Utah should act quickly
This is an archived article that was published on sltrib.com in 2012, and information in the article may be outdated. It is provided only for personal research purposes and may not be reprinted.

Utah is one of the few states that has a functioning, online market where employees of small businesses can go to compare and buy health insurance. Yet Gov. Gary Herbert is dragging his feet as a Nov. 16 deadline looms for the state to decide whether to operate a similar but much larger marketplace under the Affordable Care Act, aka Obamacare.

There are practical and political reasons for Herbert's delay. But one thing is certain. If President Obama is re-elected, Herbert should be ready to jump into the health-exchange business with both feet. To do otherwise would cede control of Utah's exchange to the federal government. That would be a mistake because Utah officials already have experience running an exchange. It would be foolish to throw that away.

Besides, Utah Republicans always are touting Utah solutions for Utah problems. This would be a chance for Utah leaders to walk the talk.

Not surprisingly, the state government's foot-dragging is based partly on the toxic politics of Obamacare. Republicans are hoping with every fiber of their being that Mitt Romney will be elected president and, with the support of a Republican House and Senate, will repeal Obamacare. With that goal in mind, it makes little sense for the state to invest the money and manpower to create a state-run health exchange to implement the Affordable Care Act. Indeed, many Republicans have argued that to do so is giving aid and comfort to the enemy.

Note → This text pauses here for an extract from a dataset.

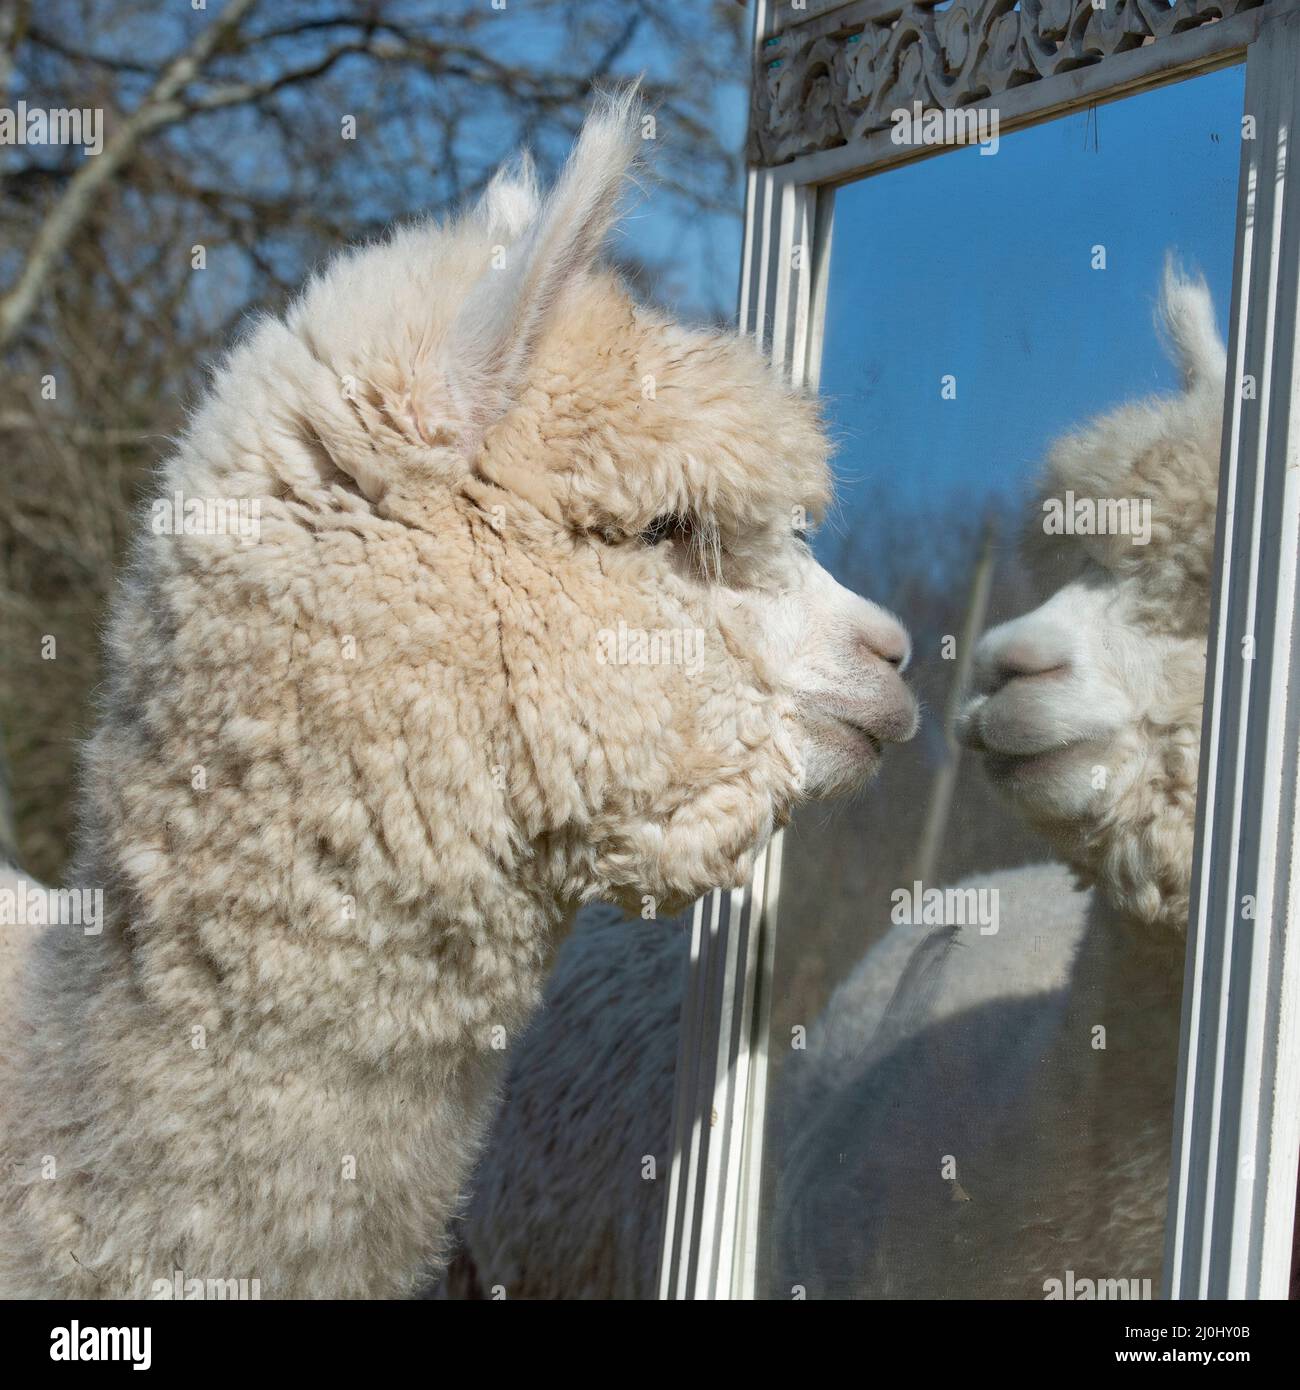 alpaca looking at itself in mirror Stock Photo

OK, that's understandable. But what if Obama wins? Or what if Romney wins but the Democrats retain control of the Senate?

One Utah Republican has encouraged states to set up their own exchanges in order to retain maximum control of the process. That Republican is Mike Leavitt, who has some chops on this issue. He is, after all, the former secretary of Health and Human Services under President George W. Bush, a former Utah governor with a proven record of federal health entitlement reform, and an insurance executive. He currently runs a consulting business that advises states on exchanges.

Because of that, some Republicans dismiss Leavitt. They accuse him of lining his own pockets. That's unfair. Especially because he also is the head of Romney's transition team. No one wants Romney to win more than Leavitt.

Utah has three choices. It can set up its own exchange, do one in partnership with the federal government or abandon the field to the feds. We hope that after the election, Utah moves quickly to put its own experience to work.